■ Supplied material
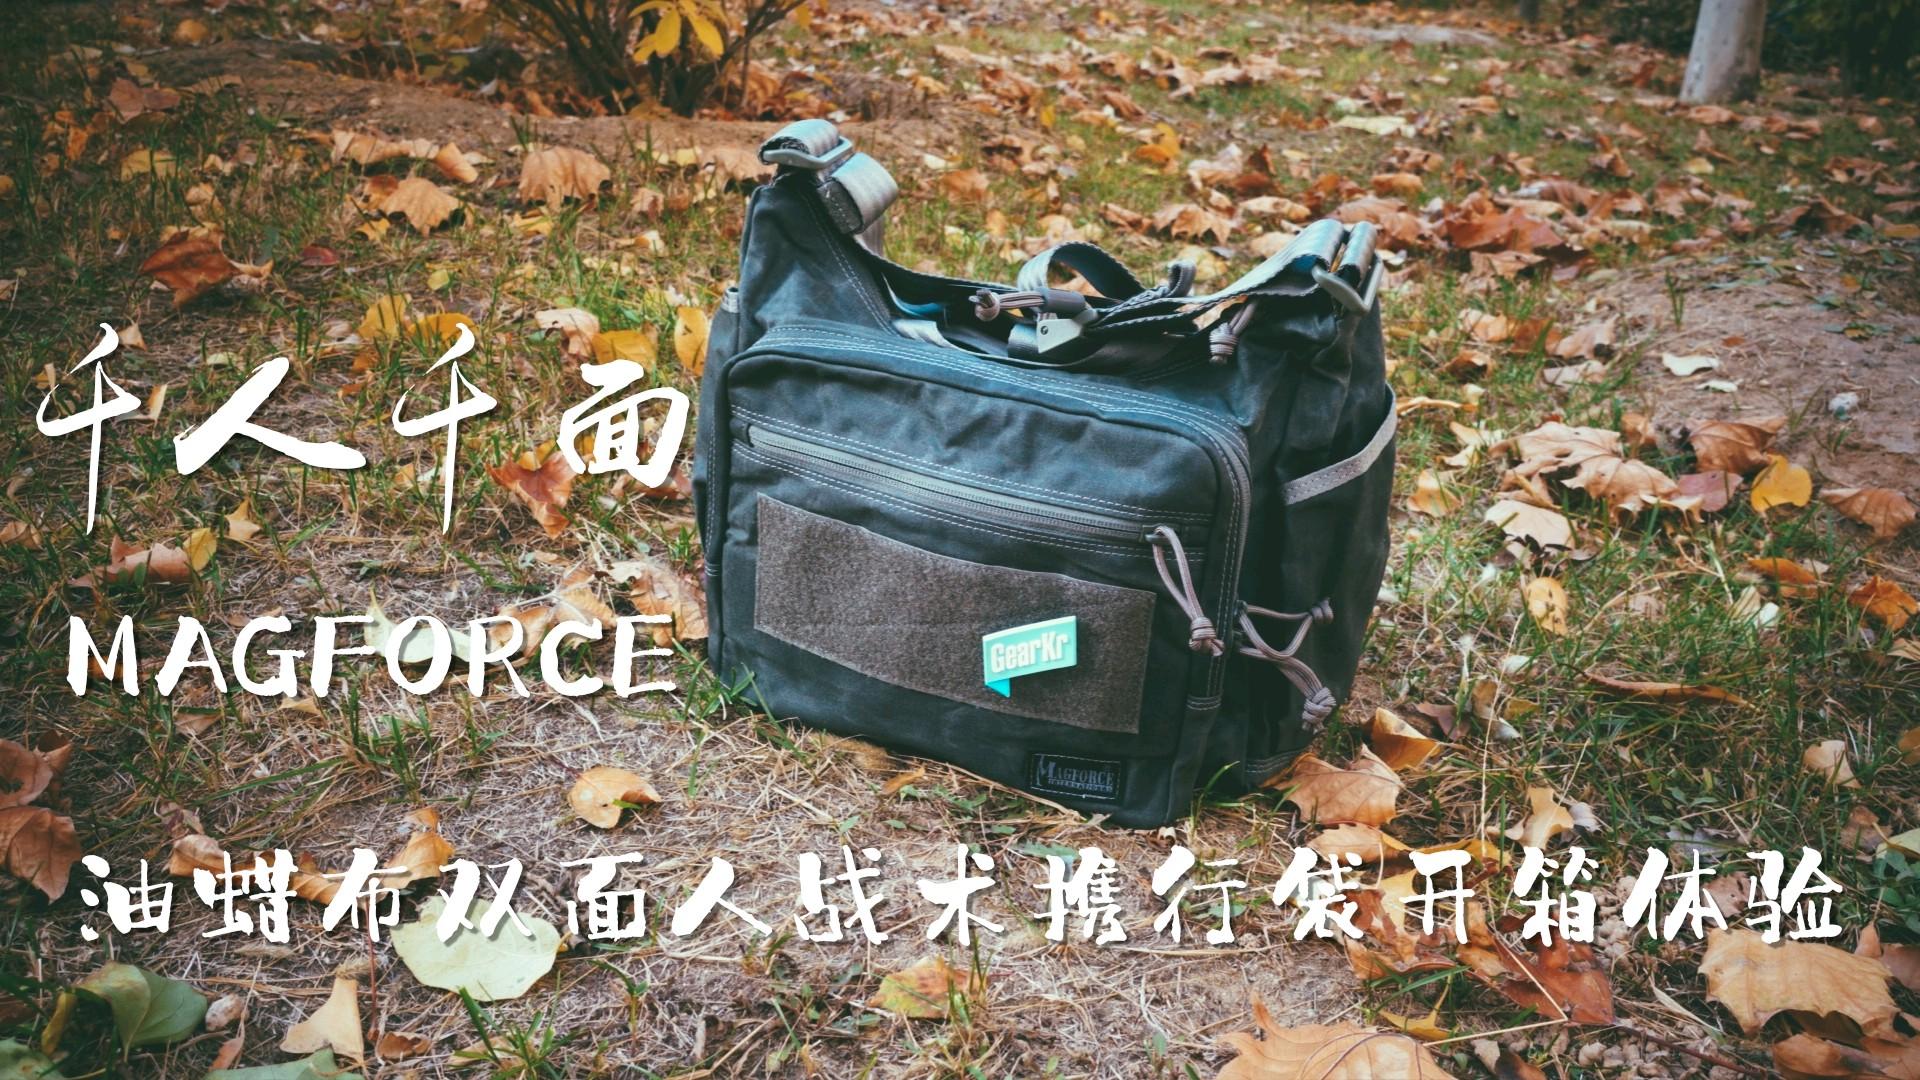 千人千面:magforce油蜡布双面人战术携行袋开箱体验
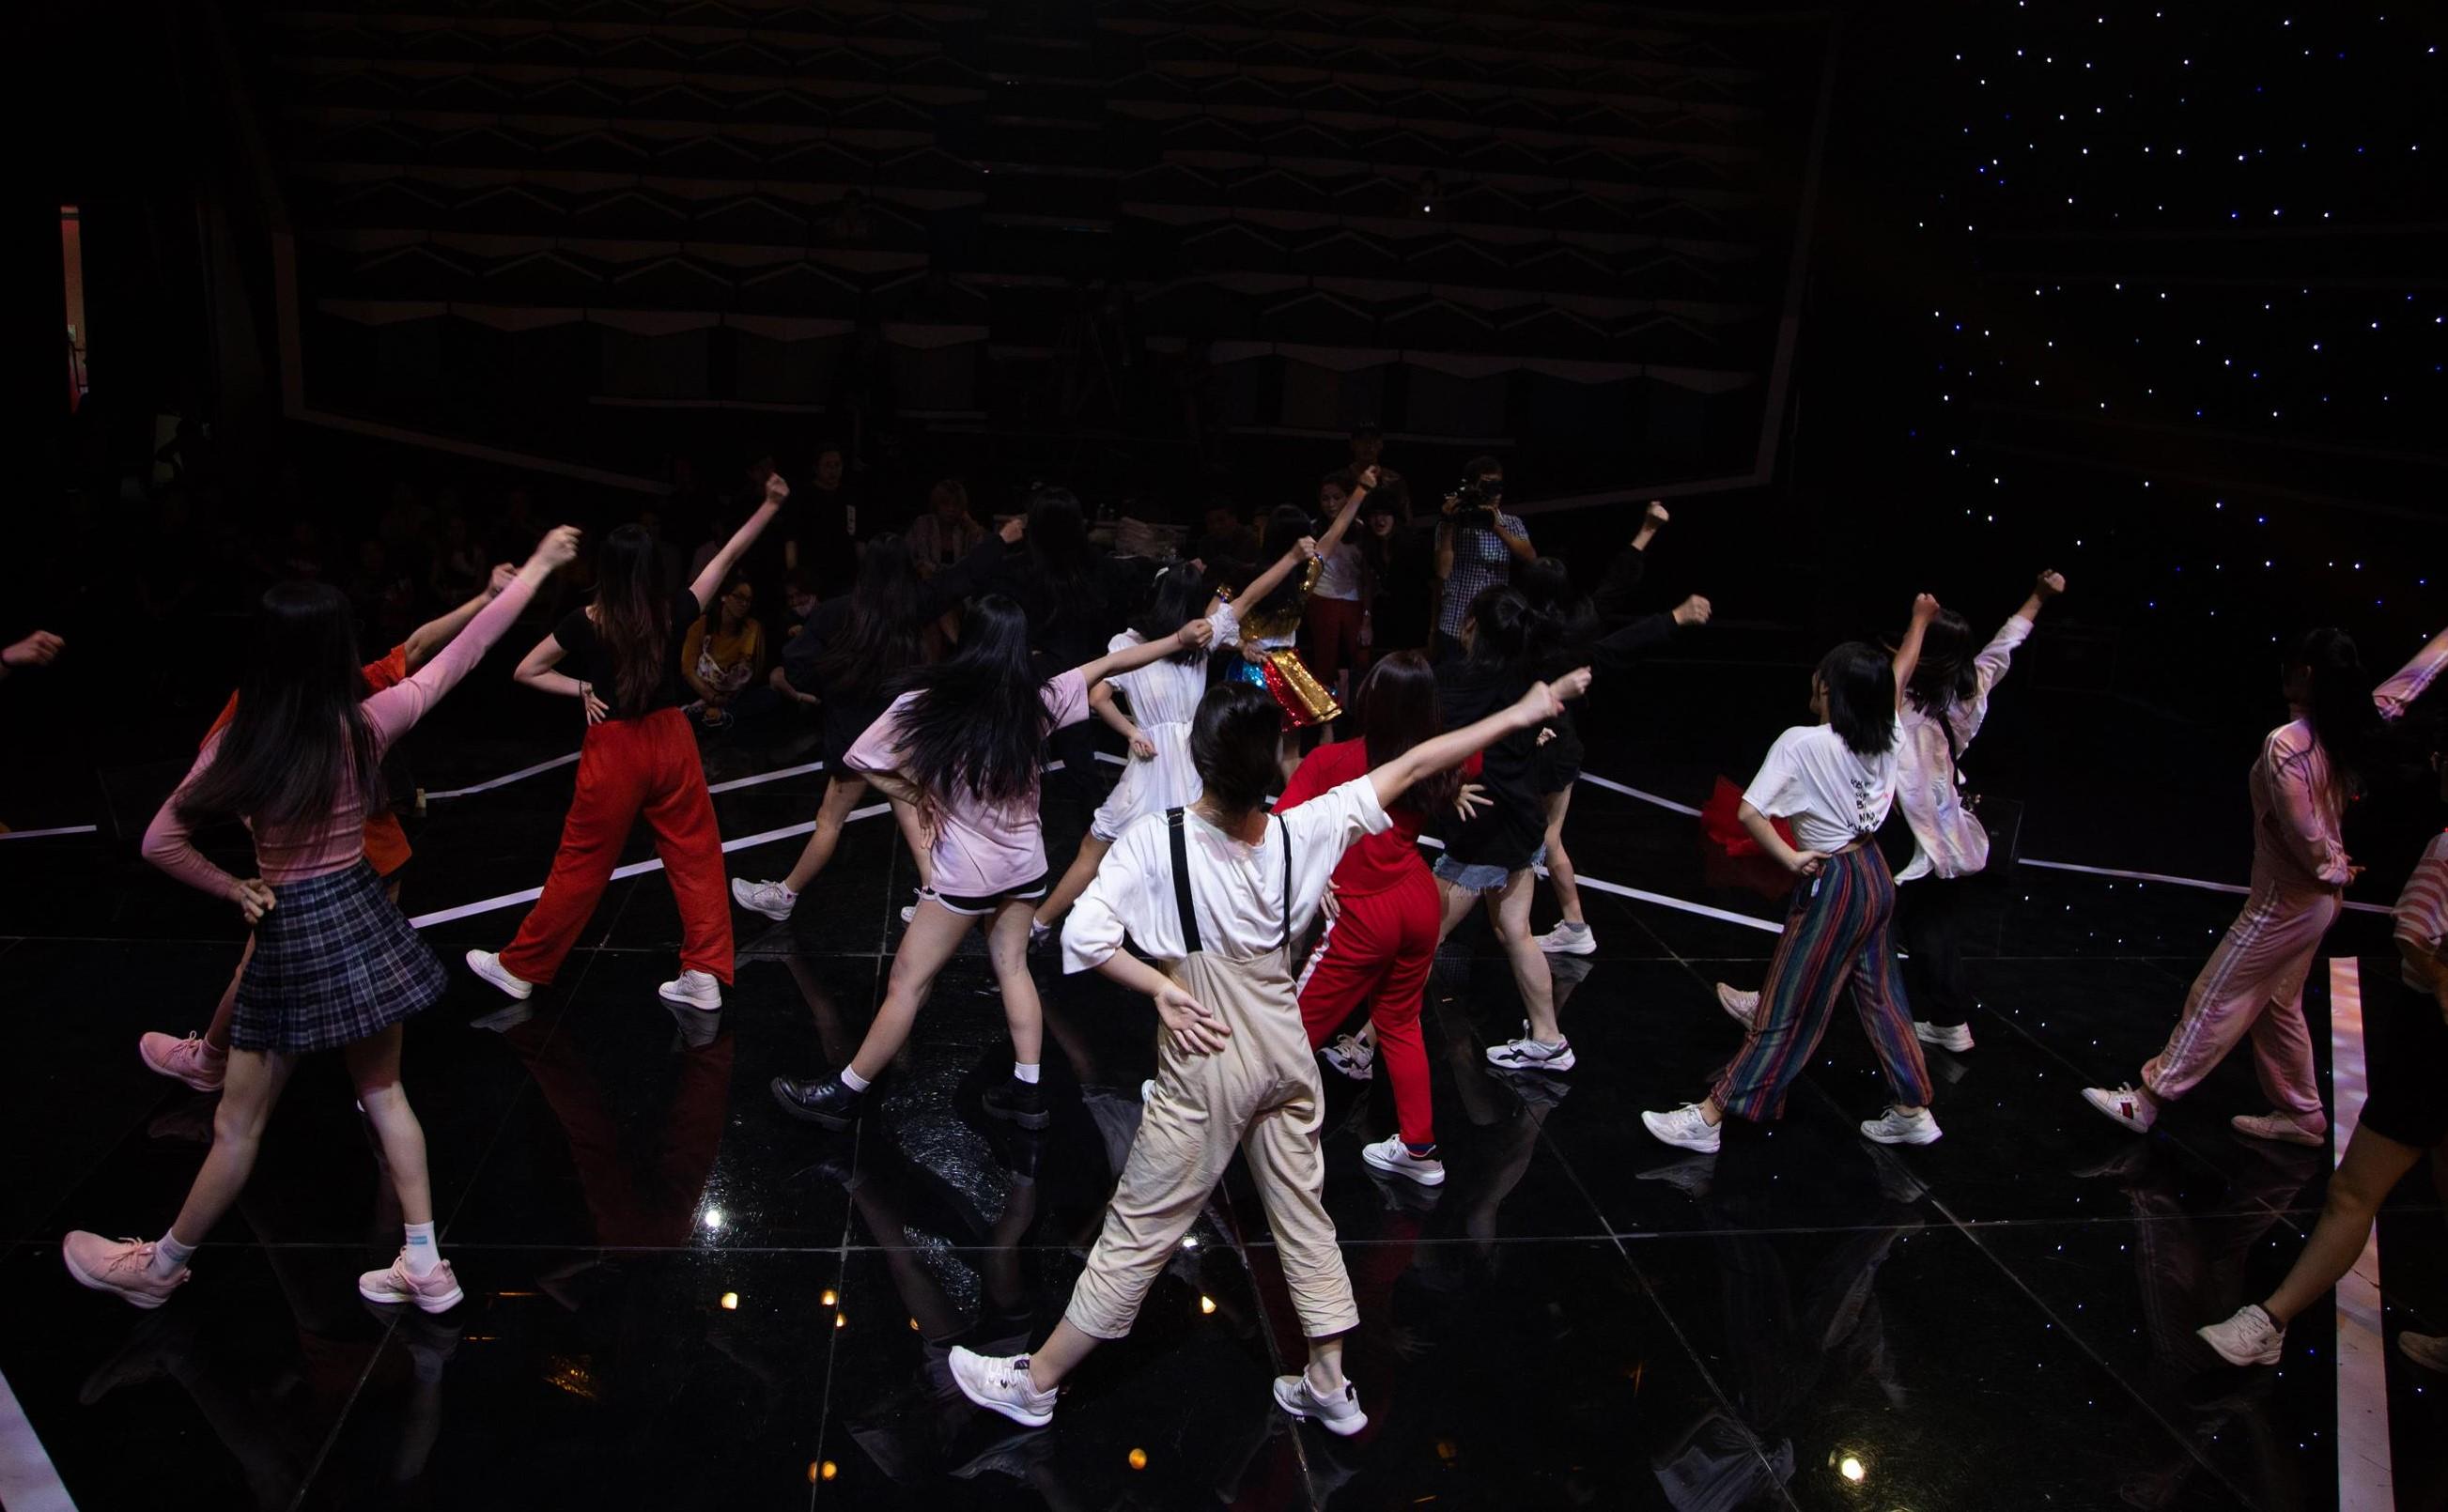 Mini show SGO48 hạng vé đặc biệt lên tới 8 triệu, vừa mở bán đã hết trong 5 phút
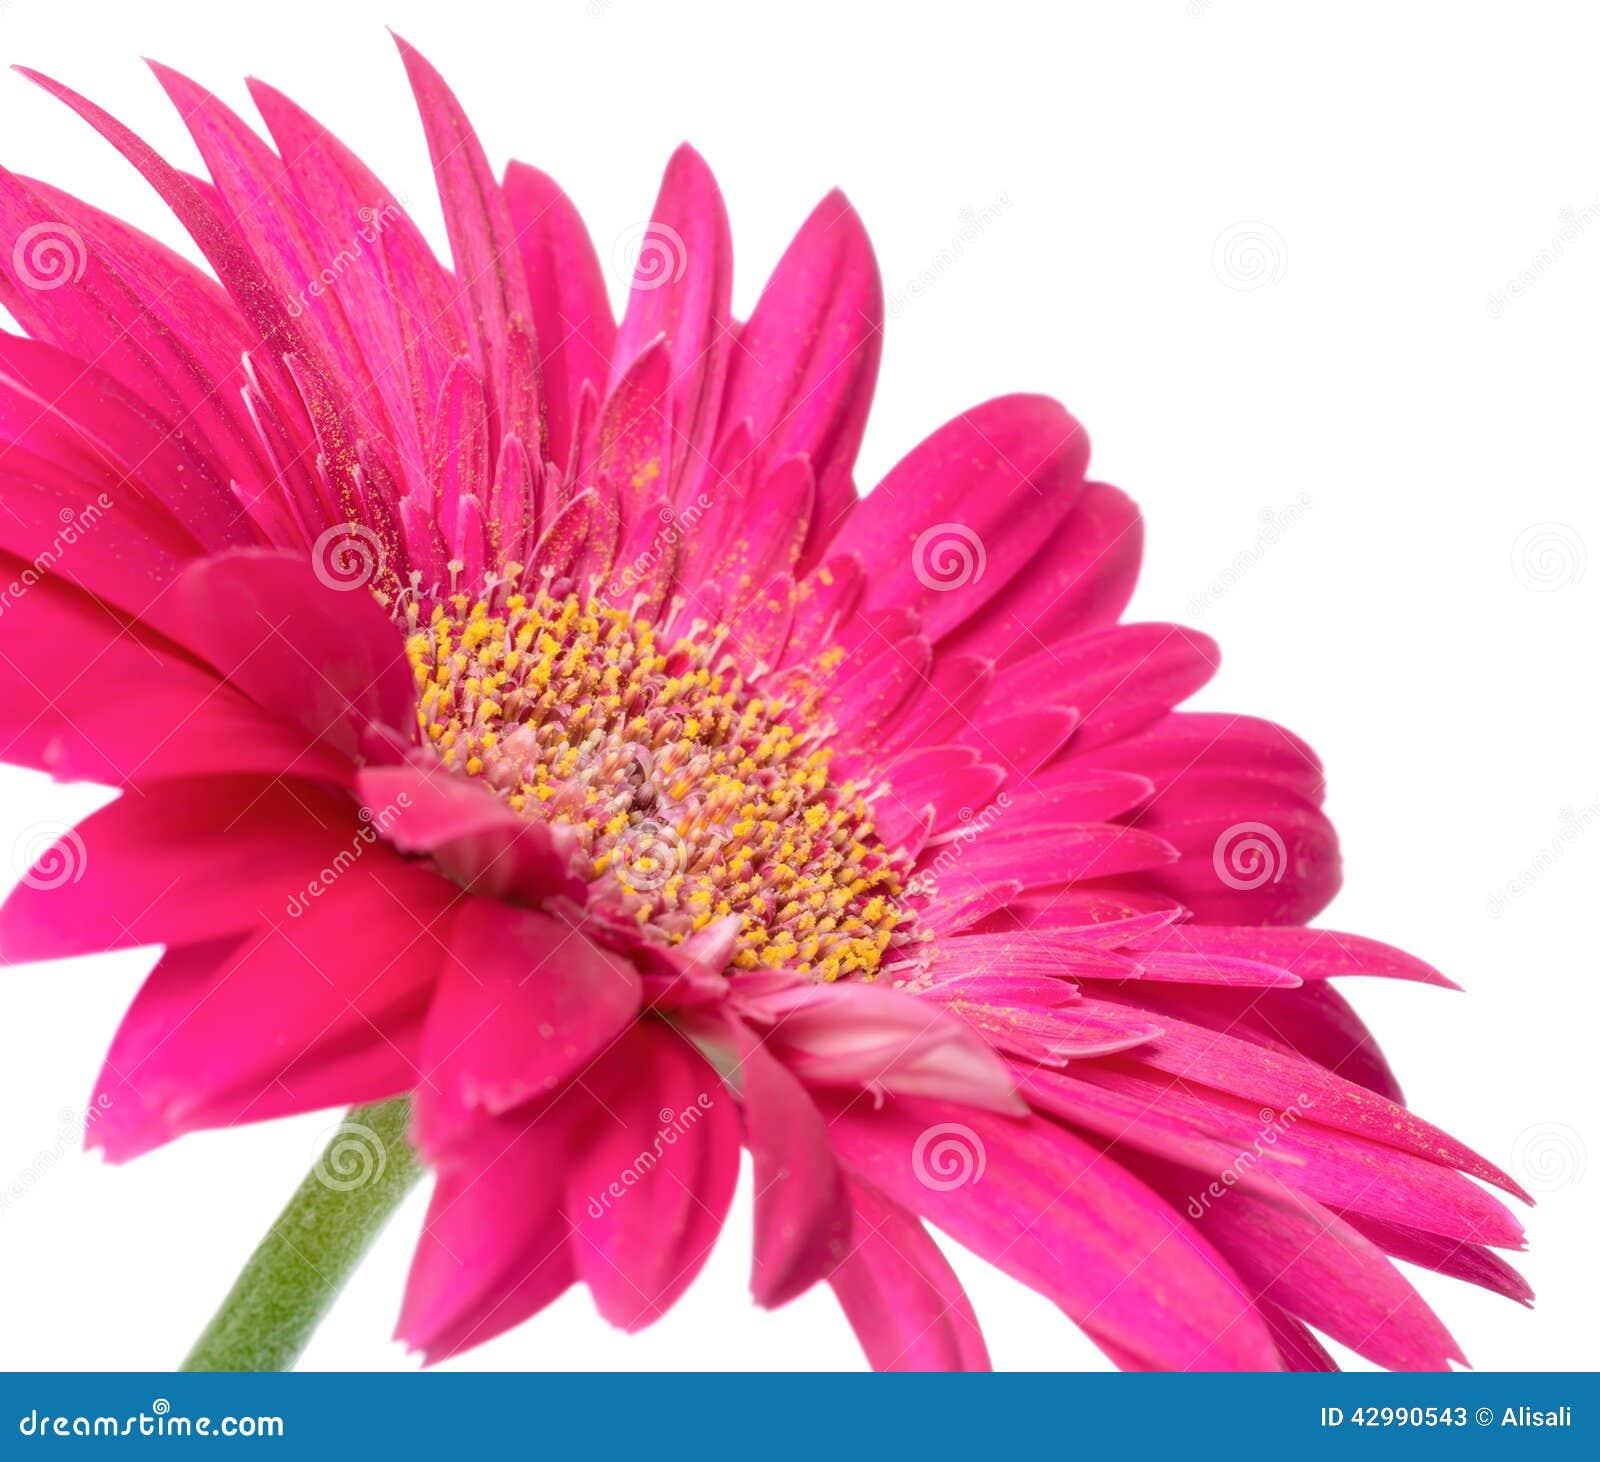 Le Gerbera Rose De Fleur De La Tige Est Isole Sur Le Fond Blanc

■ Work order
Exactly as written above, print every line of the data but not its pictures.

■ Solution for this problem
 千人千面:magforce油蜡布双面人战术携行袋开箱体验
 Mini show SGO48 hạng vé đặc biệt lên tới 8 triệu, vừa mở bán đã hết trong 5 phút
 Le Gerbera Rose De Fleur De La Tige Est Isole Sur Le Fond Blanc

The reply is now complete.